Harmony: How did you know what plants would be authentic to the time period?

Larry: There are about 11 historic plant lists that are relatively well-known, which gives me a very limited palette. Then I found two or three-four original sources of plants. Also, I would just google plant names, I was sort of working at it from both ends. From kind of a randomized end, and this 18th-century plant list end.

A lot of times I’d find European herbs, European flowers, and try to find an American reference for it. A lot of times I did, a lot of times I didn’t. A lot of times we know plants were growing in 18th-century England, and we’re just not growing over here, which is disappointing for me.

Harmony: I want to hear from both of you on this: what surprised you in this process?

Barbara: I think it was, got me up early, you know. Just to see what was going on in the garden. It’s exciting. I love photography, and I liked finding the little mysteries in the garden, and um, call up Larry and say, “What was that that I shot?” So I’ve learned a lot about gardens and flowers and herbs, more than I ever thought I would. I look forward to that every day.

Larry: The biggest deal for me was finding out what a lot of people already know, that the birth of botany goes back to the third century B.C. A lot of colonial plants are in that Greek herbal of 300 B.C. Iris is a Greek name, and Daphne’s a Greek name, Asphodel is a Greek name.

I just became really enamored of this tradition of colonial plants having Greek origins. Vitex, our blue-flowered shrubs, our blue-flowered summer shrub is an ancient Greek shrub. There’s sort of a poetry in those names. So I see this botanic link going from the colonials, back to the Renaissance, back to the ancient times, very explicitly.

Harmony: Did you have anything that emerged as a puzzle throughout the process? Was there something you thought you should be able to find, something you thought would thrive, but didn’t?

Larry: The greatest hurdle here in Virginia here is heat. I found some plants that thrive in the heat, which were really cool.

Harmony: Like what?

Larry: Pentapetes, or scarlet mallow. Jefferson uses it in 1811.

Harmony: Has this changed the way that you garden, the way that you look at your flowerbeds at home?

Barbara: Oh yeah. I’ve got some of the same flowers in my garden, too, where I can stick them in where they catch a little bit more sun than the other areas. Oh yeah, and I go into the gardening nurseries and I go, “No, I don’t think that one.” And I, so I can discern which ones I want in the garden and which ones I don’t a little better. So I’m better educated now because of this book and all of Larry’s great information.

Harmony: Larry, how about you? If somebody looks at this book, what do you hope that they’ll get out of it?

Larry: I think I have three hopes. One is that they can do what I did. They can come away with what I did.
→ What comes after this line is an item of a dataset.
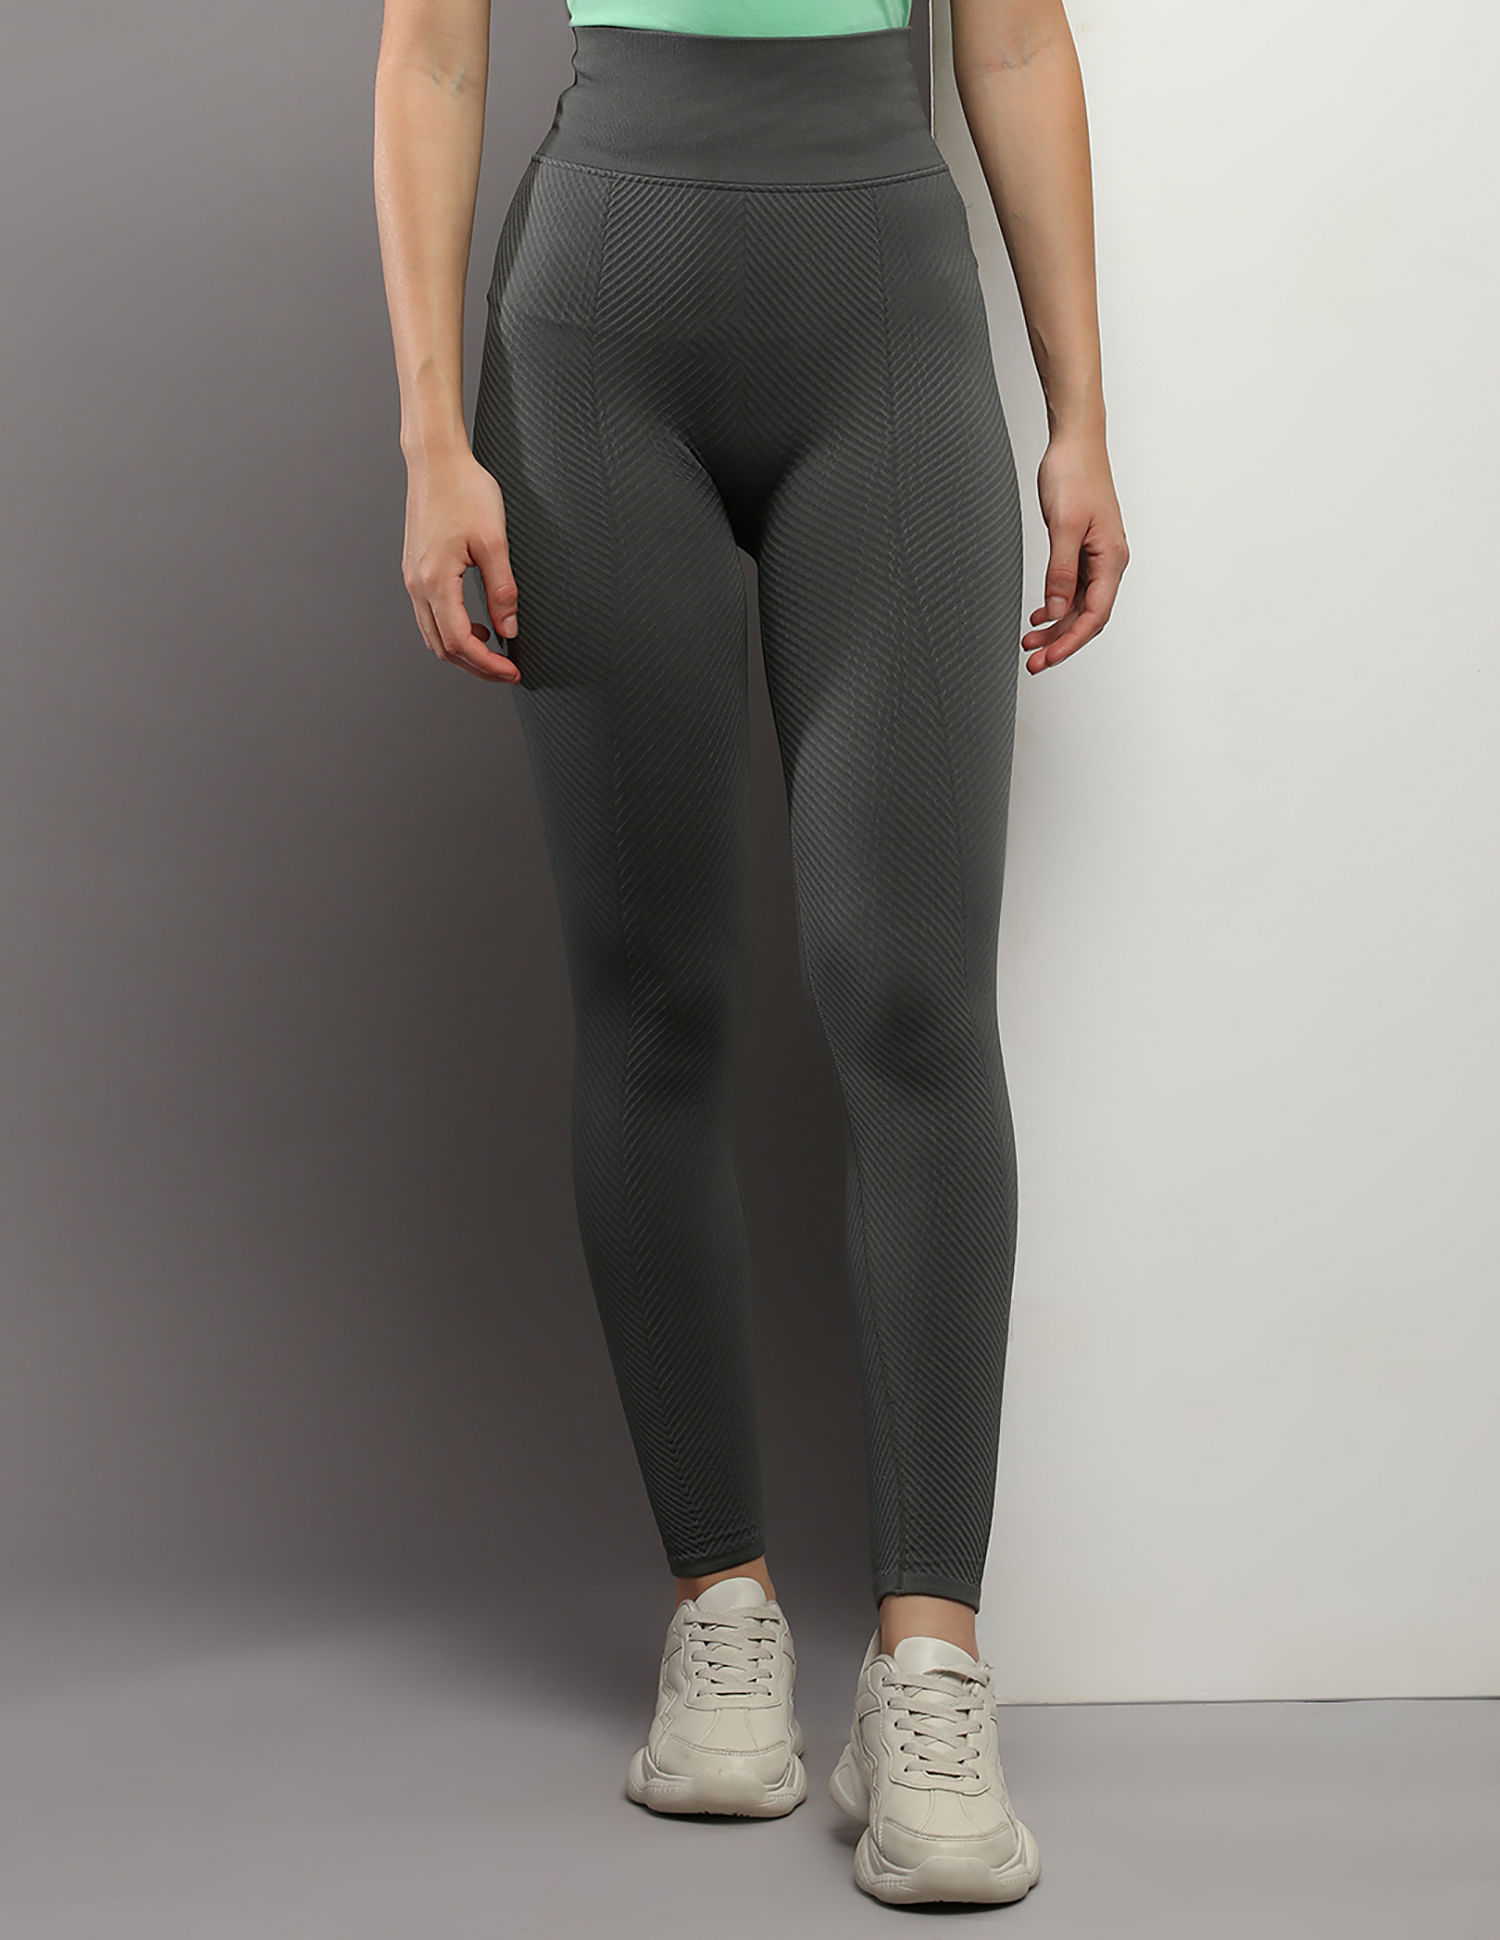 Calvin Klein Jeans Tights - Buy Calvin Klein Jeans Tights online in India

There’s a list of seed sources in the back of the book, and I give pretty explicit directions about how to do it.

Second of all, I think they’ll learn that every plant has a story.

Thirdly, this is another reference book. We made a great attempt to footnote it. Every citation is accurate, because I wanted people behind me to be able to look at the sources and be able to do what I did and be able to replicate what I did. It’s not a secret. My work at the foundation is for the public good.

Harmony: Are you still growing and testing?

Larry: Yes. I have 36 plants seeded in the ground right now.

Harmony: Where can people see your test garden if they’re going to come visit?

Larry: If you walk out of the front entrance of the Williamsburg Inn and cross the street there on Colonial Street, you pass the Lewis house, which is a guest house, on the right. In that backyard are my test plots.

Harmony: And we’ll see you in there, weeding?

Larry: Weeding, watering, thinning, seeding, mowing the grass.

Barbara: And if you get up early enough, you might see me laying in the dirt, or in the grass areas, shooting into the flowers. Yeah, we’ll be there.